> **Working data**
★ ★ ★ ★ ★ ★ ★

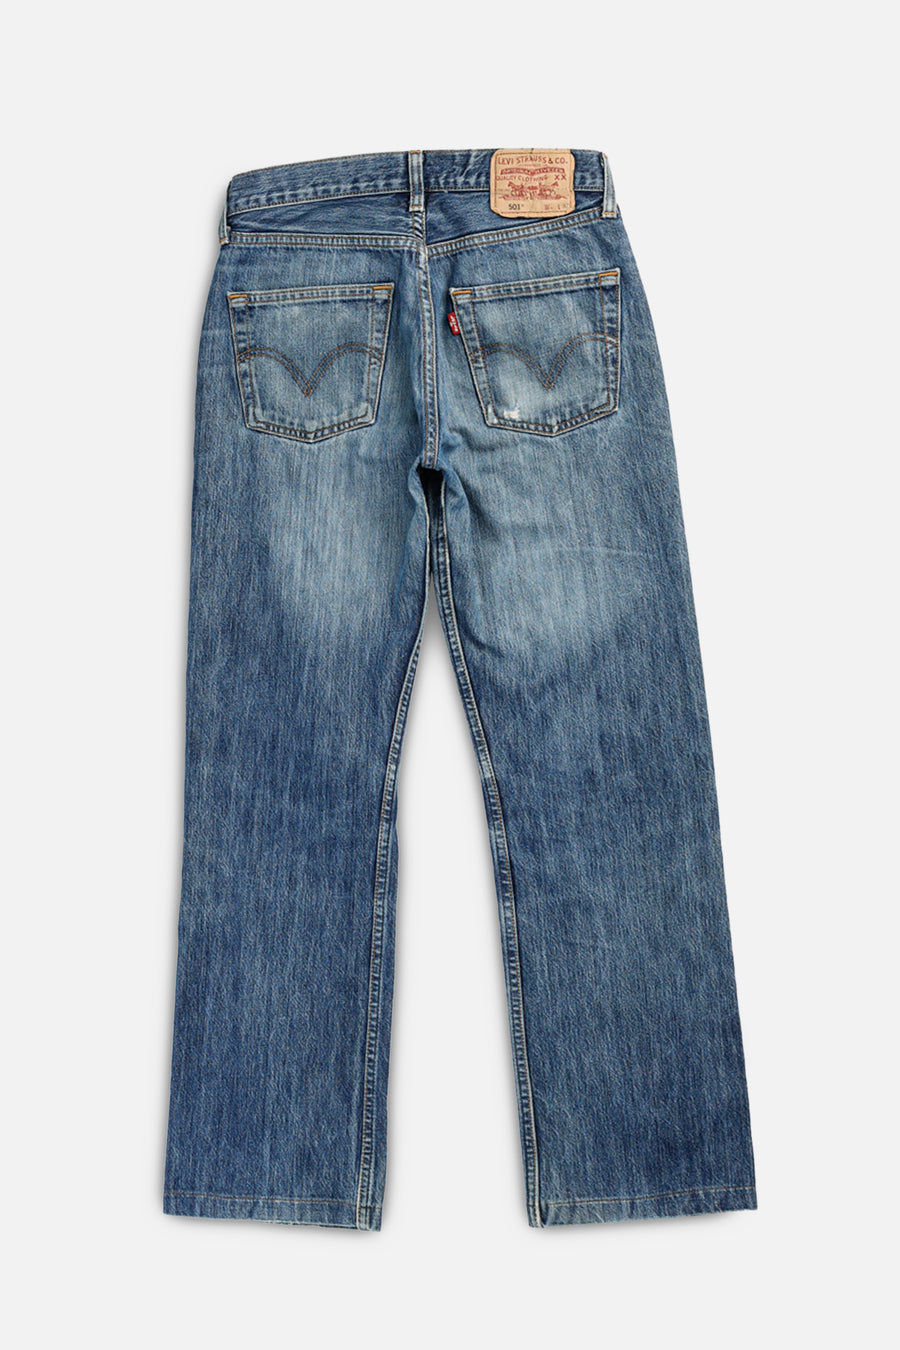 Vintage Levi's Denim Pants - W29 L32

★ ★ ★ ★ ★ ★ ★

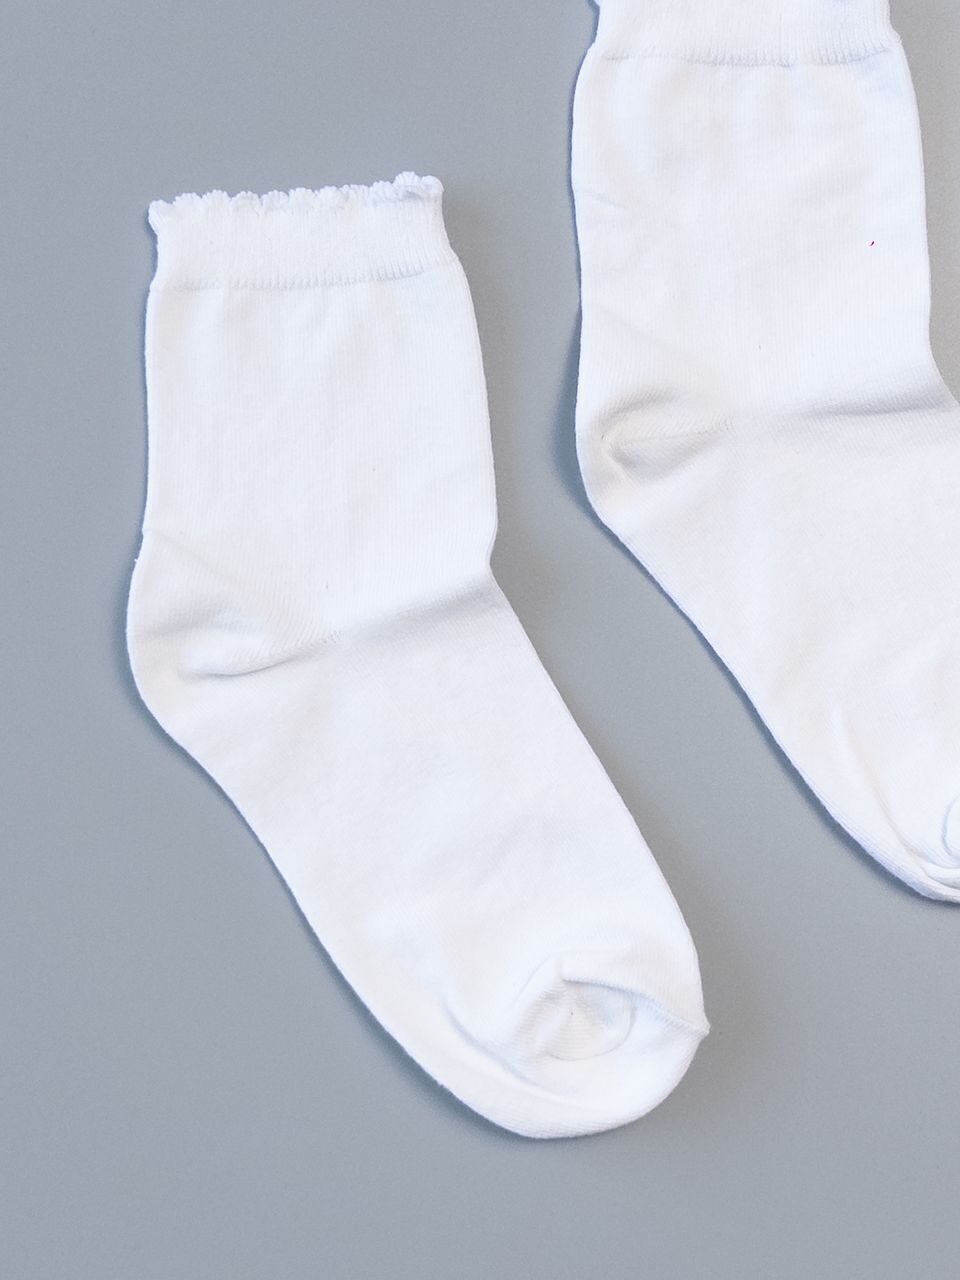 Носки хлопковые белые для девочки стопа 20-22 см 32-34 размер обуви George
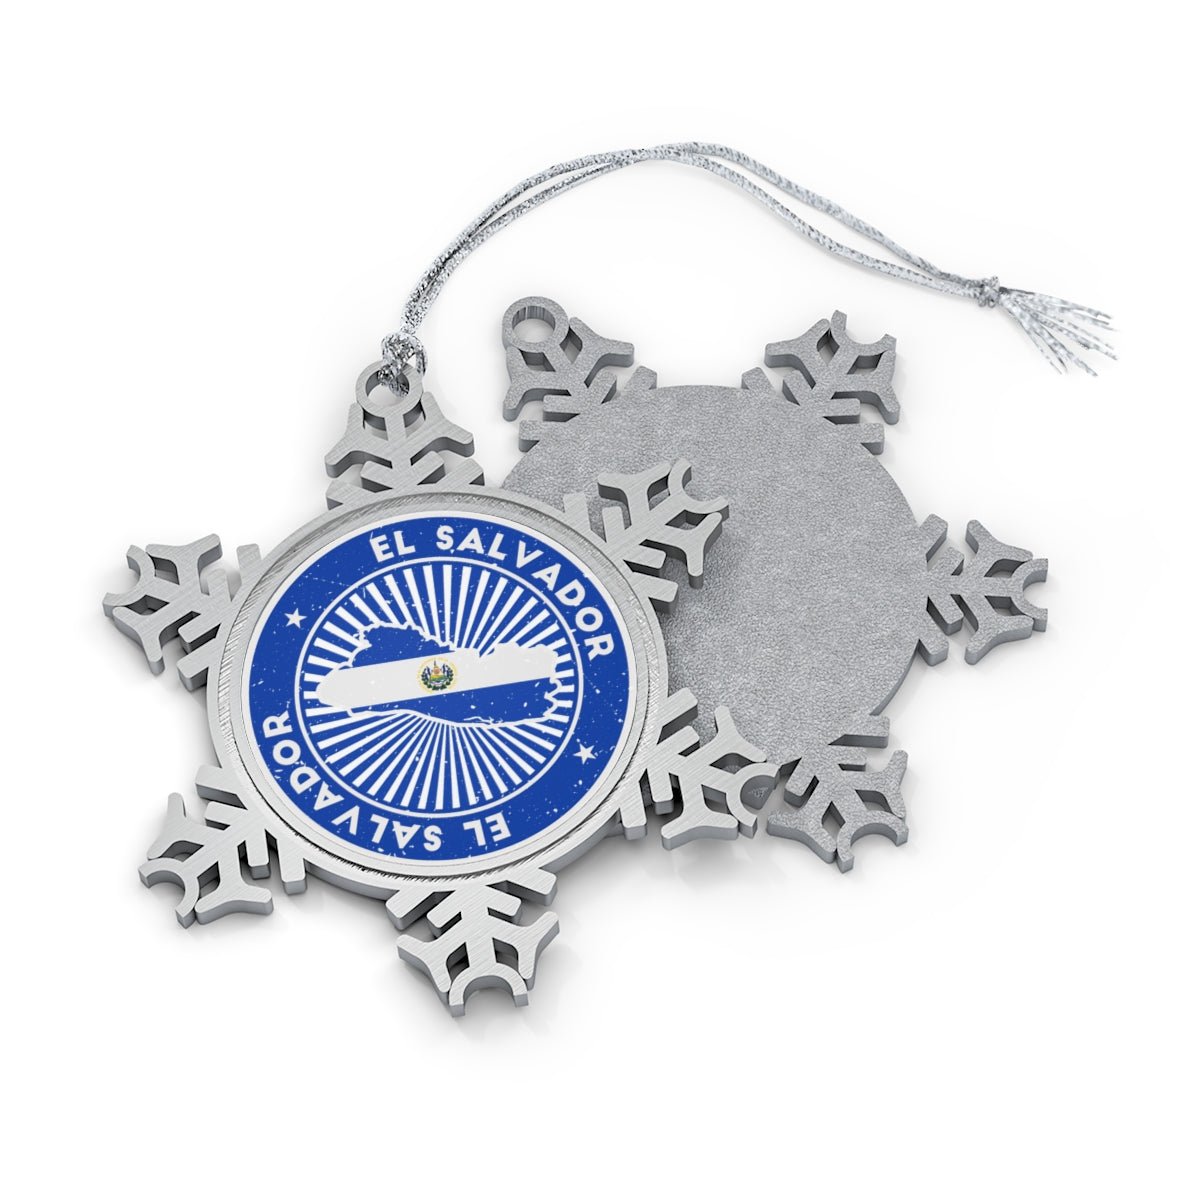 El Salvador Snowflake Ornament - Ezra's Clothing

★ ★ ★ ★ ★ ★ ★

> **About this exercise**
Among the entries above, take the lines from the one with "Носки хлопковые белые" through the one with "El Salvador Snowflake" and retype them exactly, leaving out the pictures.

> **Output for this task**
 Носки хлопковые белые для девочки стопа 20-22 см 32-34 размер обуви George
 El Salvador Snowflake Ornament - Ezra's Clothing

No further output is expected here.